It was bound to happen at some point. Some douchebag has released a Sandy Hook video game. And truth be told, I’m surprised we let these sorts of things bother us.

There are few tragedies in American history that haven’t been commodified — from the 9/11 attacks to Pearl Harbor. They’ve given birth to movies, talk show conspiracy books, and commemorative coins from the Franklin Fucking Mint.

Surely there is a special place in American hell for the soulless capitalist who makes a quick buck off of another’s suffering and the misguided uber-patriots who enable them, a place where fire-breathing bald eagles claw out their eyes and rip the innards out of their bodies and devil drones drop targeted strikes on their bare asses. 

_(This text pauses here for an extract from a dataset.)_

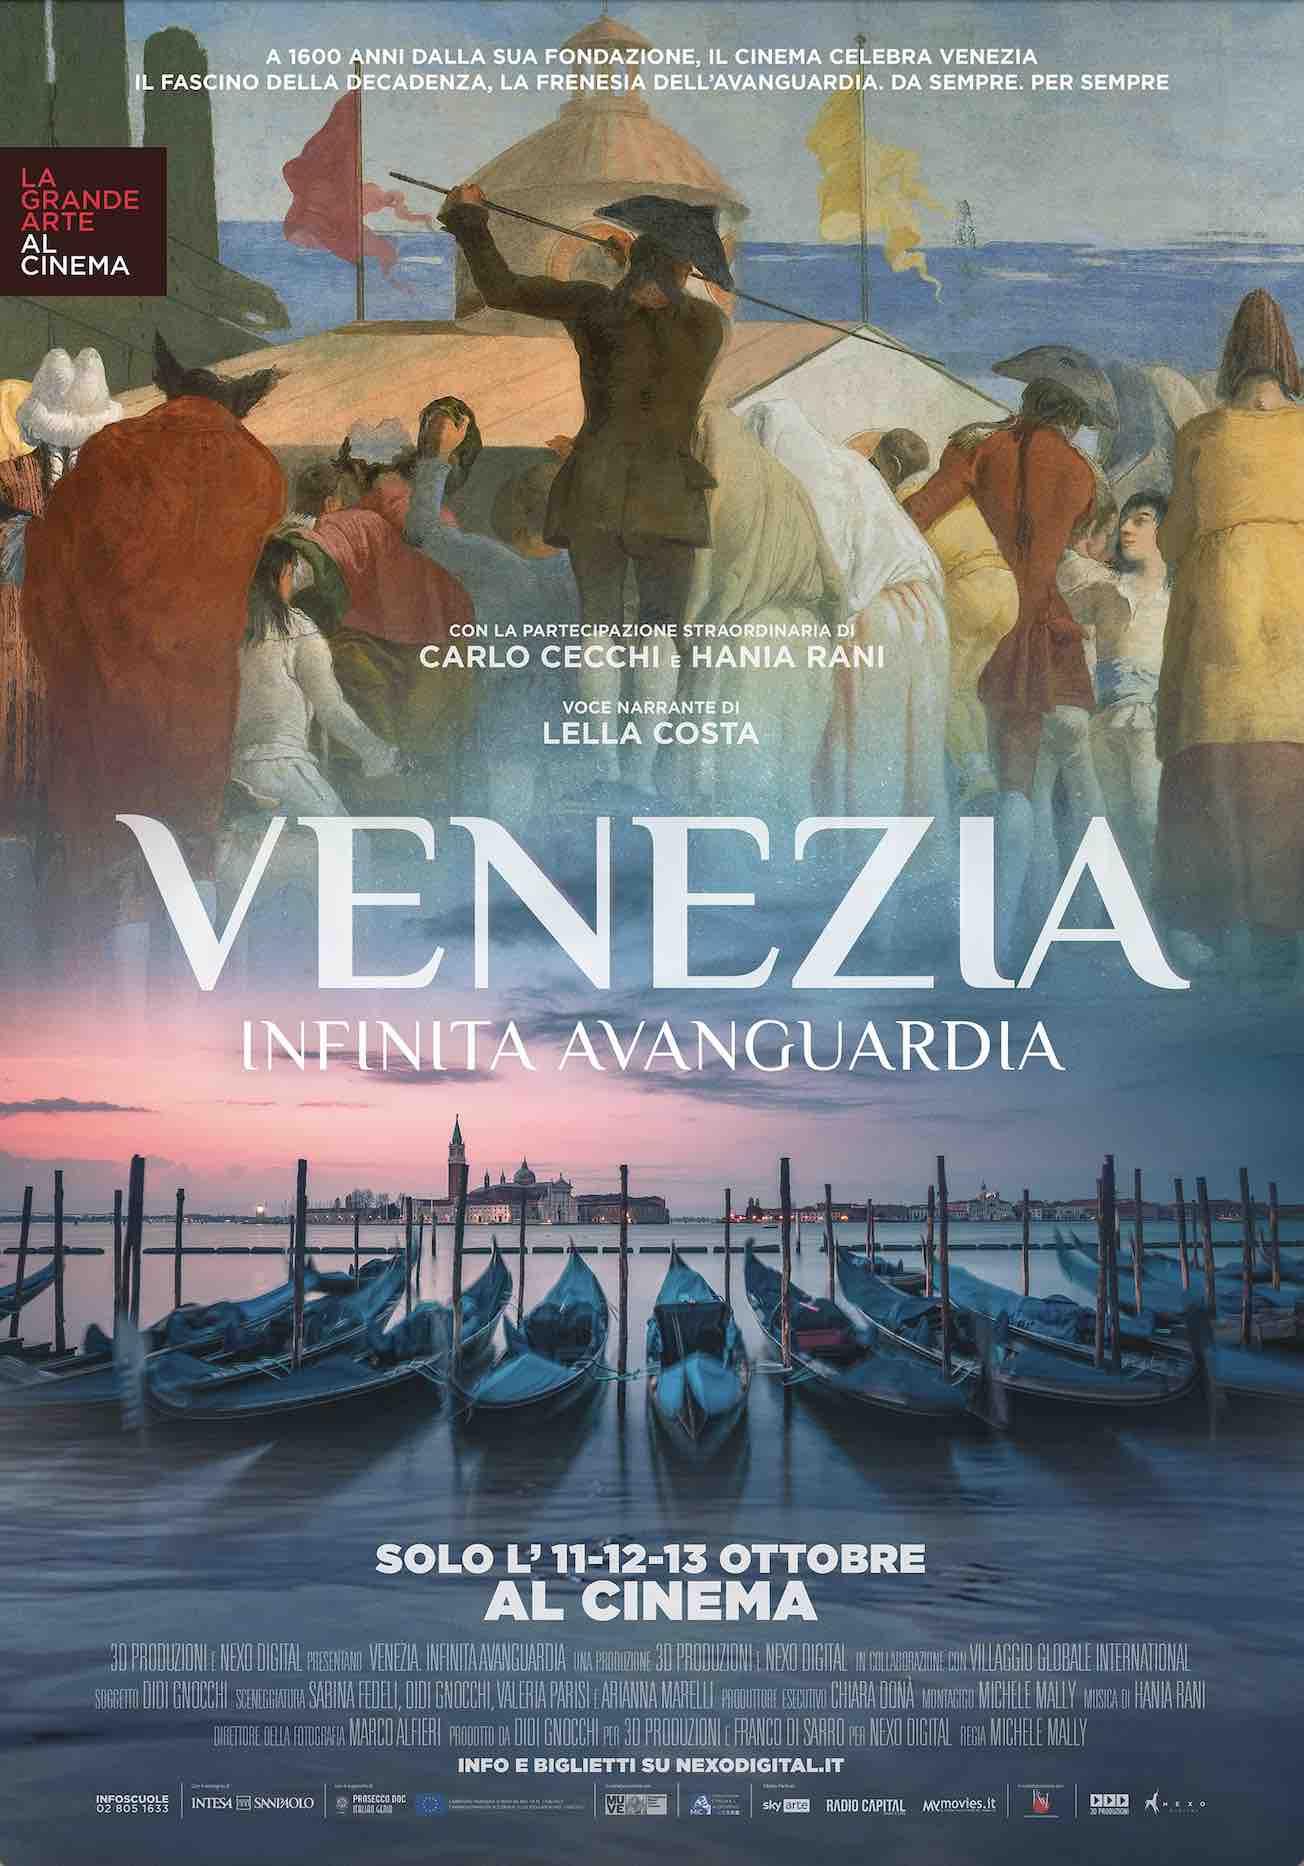 """""""VENEZIA. INFINITA AVANGUARDIA"""" L'EVENTO AL CINEMA. Nelle sale italiane solo l'11, 12 e 13 ottobre"""

However, as vile as the creator of The Slaying of Sandy Hook video game is, he’s nowhere near as sick and twisted and deserving of our contempt as the members of Congress, who failed to pass meaningful gun control after the Newtown, Conn. shooting.

And he’s nowhere near as foul-hearted as the leaders of the NRA, who continue to feed their members apocalyptic anti-government conspiracy porn fantasies in order to boost gun sales.

And nor is he as sick and twisted as the armchair cops like Ted Nugent, who want to turn our country into a conceal-and-carry Wild West shoot out, and tin-foilers like Alex Jones, who believe the U.S. government staged the entire shooting as a precursor to a war against gun owners that will only end when Uncle Sam has sent them all to FEMA death camps.

Compared to assholes like these, the guy behind the Sandy Hook game is a model fucking citizen.